One hundred and ninety six questionnaires were sent out, with a response rate of 38%. In PHC problems remained the same, but the following got worse: "lack of motivation" (+1.34), "lack of overall vision of patients" (+1.10), and "overuse of medical services" (+1.06). The existence of non-integrated out-patient specialists got better (-1.32). In hospitals, "lack of overall vision of patients" got worse (+0.51), but in general problems got better, especially in "lack of communication and dialogue" (-1.14). PC increased its demand for "a single computerized clinical record" (+1.50), drawing up of common protocols (+0.86), and periodic rotations of PC doctors through hospitals (+0.85), but bureaucratic referrals to PC (-0.60) and the need for specialists in PC as consultants (-0.36) diminished.

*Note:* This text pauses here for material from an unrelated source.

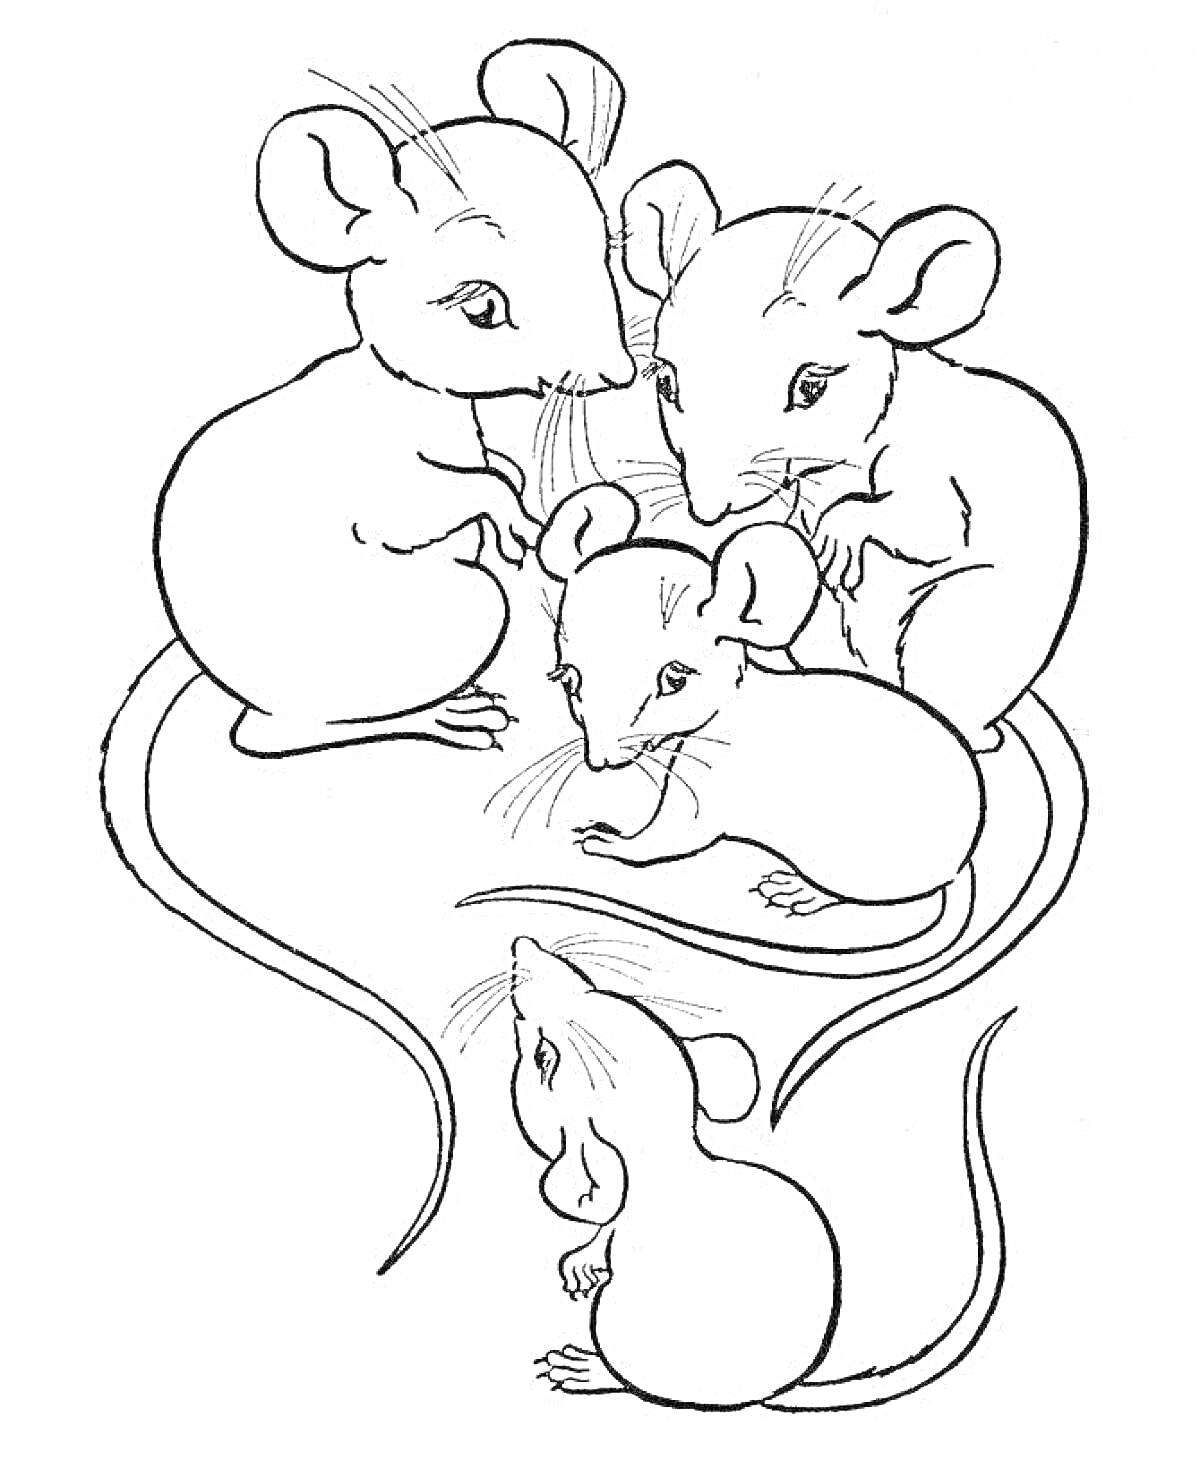 Семья из четырех мышек

In hospitals all solutions showed lower scores, particularly access of PC doctors to monitoring of admitted patients (-2.44) and PC doctors doing hospital cover (-2.30).

CONCLUSIONS

Problems and solutions from PHC and hospitals remain the same, but there is a trend to the worse in PHC, whereas in hospitals the trend is more positive.

摘要

目的

评估在卫生改革的两个不同阶段(1992年改革启动时和巩固阶段后(2001年)),初级卫生保健(PHC)与二级保健(医院)之间跨专业关系的趋势。

设计

基于改良德尔菲技术的观察性研究。

地点

西班牙巴伦西亚自治区。

参与者

选取了来自巴伦西亚自治区的196名专业人员(103名初级卫生保健中心管理人员、43名医院和初级卫生保健医疗主任以及50名内科或急诊科负责人)。

结果

共发出196份问卷,回复率为38%。在初级卫生保健方面,问题保持不变,但以下问题有所恶化:“缺乏动力”(+1.34)、“对患者缺乏整体认知”(+1.10)以及“医疗服务过度使用”(+1.06)。非整合型门诊专科医生的情况有所改善(-1.32)。在医院,“对患者缺乏整体认知”问题恶化(+0.51),但总体问题有所改善,尤其是“缺乏沟通与对话”方面(-1.14)。初级卫生保健增加了对“单一计算机化临床记录”(+1.50)、制定共同方案(+0.86)以及初级卫生保健医生定期到医院轮转(+0.85)的需求,但转介到初级卫生保健的官僚程序(-0.60)以及将初级卫生保健专科医生作为顾问的需求(-0.36)减少。在医院,所有解决办法的得分都较低,尤其是初级卫生保健医生对住院患者的监测权限(-2.44)以及初级卫生保健医生进行医院值班(-2.30)。

结论

初级卫生保健和医院的问题及解决办法保持不变,但初级卫生保健有恶化趋势,而医院的趋势更为积极。